Comparative Example 2 100 parts of the ABS resin used in Example 1 was mixed with 2 parts of sodium dodecylbenzenesulfonate, then pelletized in the same manner as in Example 1, and the physical properties were measured. The results are shown in Table 1.

Comparative Example 3 After mixing the ABS resin used in Example 1 with polyethylene oxide and sodium dodecylbenzenesulfonate in a composition of 90 parts/10 parts/2 parts, pelletization was performed in the same manner as in Example 1, and the physical properties were determined. was measured. The results are shown in Table 1.

Examples 2, 3, 4, 5, 6, 7 and Comparative Examples 4, 5, 6, 7 In Example 1, the blending composition of ABS resin, polyethylene oxide, and methacrylic resin was 70 parts/70 parts each.
10 copies/20 copies, 80 copies/10 copies/10 copies, 50 copies/1
0 copies/40 copies and 65 copies/5 copies/30 copies, 55 copies/1
5 copies/30 copies, 50 copies/20 copies/30 copies, and 87 copies/
The numbers were changed to 10 parts/3 parts, 40 parts/10 parts/50 parts, 69 parts/1 part/30 parts, and 30 parts/40 parts/10 parts. The other ingredients were blended in the same manner as in Example 1, and the physical properties of each composition were measured.
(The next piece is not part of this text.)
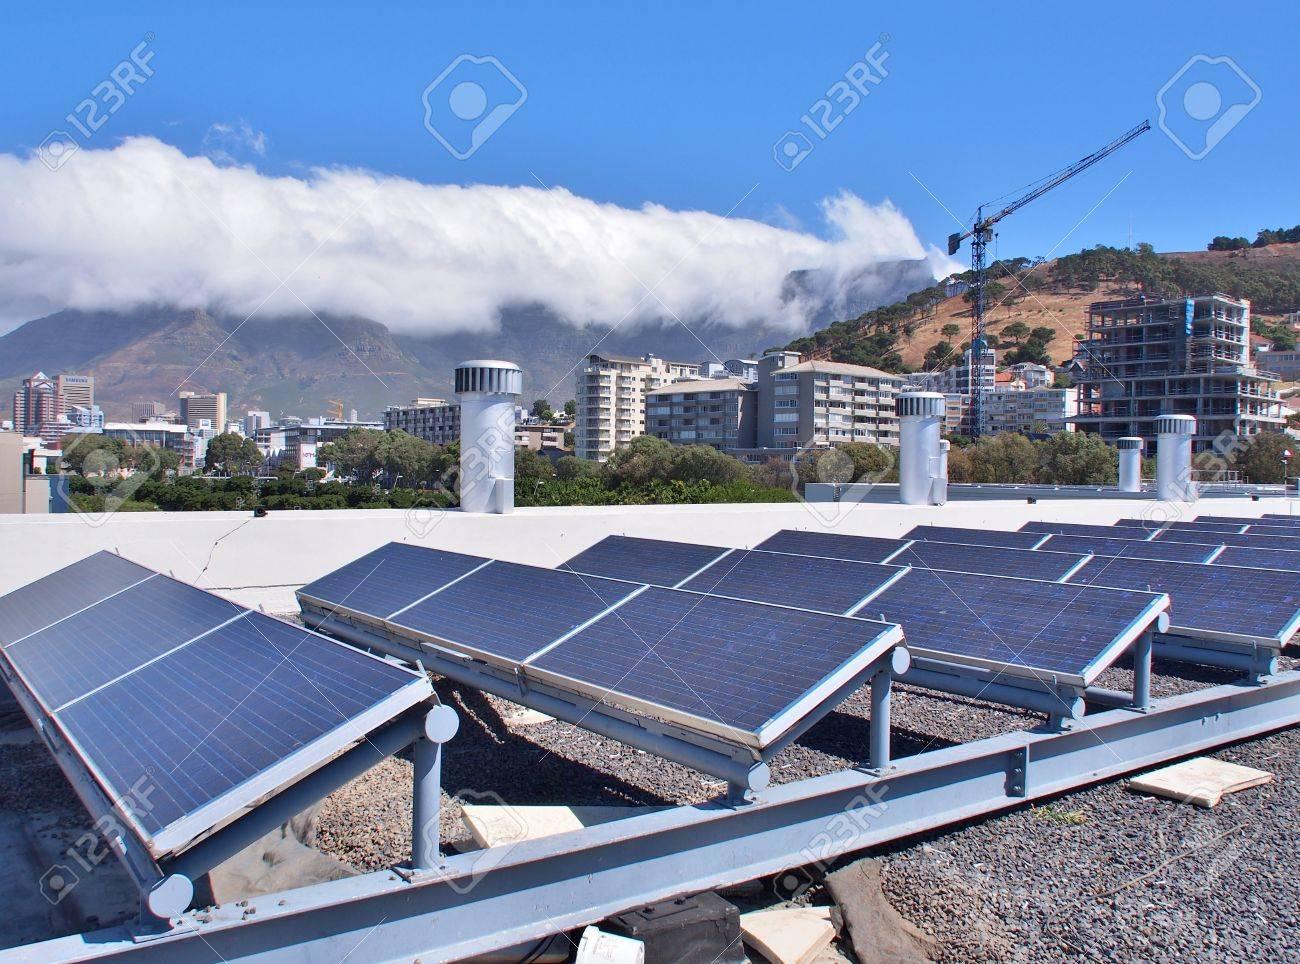 Paneles Solares O Células Solares En La Azotea O Terraza Del Edificio En Ciudad Del Cabo Sudáfrica Puede Ahorrar Energía Verde O Sol O Energía

The results are shown in Table 1.

Examples 8, 9, 10 and Comparative Example 8 Example 1 was repeated except that the amount of sodium dodecylbenzenesulfonate added was changed to 0 parts, 1 part, 5 parts, and 8 parts, respectively. It was mixed in the same way. The physical properties of each composition were measured and shown in Table 1.

Example 11 A mixture was prepared in the same manner as in Example 1, except that 0.5 parts of potassium thiocyanate was used instead of 2 parts of sodium dodecylbenzenesulfonate, and the physical properties were measured. The results are shown in Table 1.

Example 12 and Comparative Example 9 In Example 1, the molecular weight of polyethylene oxide was 50
The blending was carried out in the same manner as in Example 1, except that the amounts were changed to 0,000,000 and 300,000. The physical properties of each composition were measured and shown in Table 1.

Example 13 In Example 1, a graft polymer obtained by polymerizing styrene and acrylonitrile in the presence of EPDM (ethylene propylene ethylidene norbornene rubber) in place of the ABS resin, and a graft polymer obtained by polymerizing styrene and acrylonitrile. Blending was performed in the same manner as in Example 1, except that an AES resin consisting of a copolymer and having a rubber content of 17% was used, and the physical properties were measured. The results are shown in Table 1.

[0043]

[Table 1]

[0044]

Effects of the Invention The rubber-reinforced styrenic resin composition of the present invention exhibits better antistatic properties even after washing with water, compared to a composition containing an ordinary antistatic agent (Comparative Example 2), and its sustainability is is excellent. Moreover, the Izod impact strength is also good. On the other hand, if methacrylic resin (C) is not added (Comparative Example 3) or if it is less than 5 parts (Comparative Example 4), the weld strength will be insufficient, and if it exceeds 45 parts (Comparative Example 5), the Izod impact strength will be insufficient. Insufficient and undesirable. Furthermore, if the amount of polyethylene oxide (B) is less than 3 parts, the antistatic property after washing will be insufficient (Comparative Example 6), and if it exceeds 30 parts (Comparative Example 7), the weld strength will decrease, which is not preferable. Furthermore, when the amount of the alkali metal salt added exceeds 5 parts (Comparative Example 8), the surface appearance is significantly deteriorated, which is not preferable. Moreover, when the molecular weight of polyethylene oxide (B) is less than 1.5 million (Comparative Example 9), Izod impact strength and weld strength are undesirably lowered.

Claims (1)

[Claims] [Claim 1] Rubber reinforced styrenic resin (A) 92~
50 parts by weight, 3 to 30 parts by weight of polyethylene oxide (B) having an average molecular weight of 1.5 million or more, and 5 to 45 parts by weight of methacrylic resin (C) for a total of 100 parts by weight,
An antistatic thermoplastic resin composition containing 0 to 5 parts by weight of an alkali metal salt (D).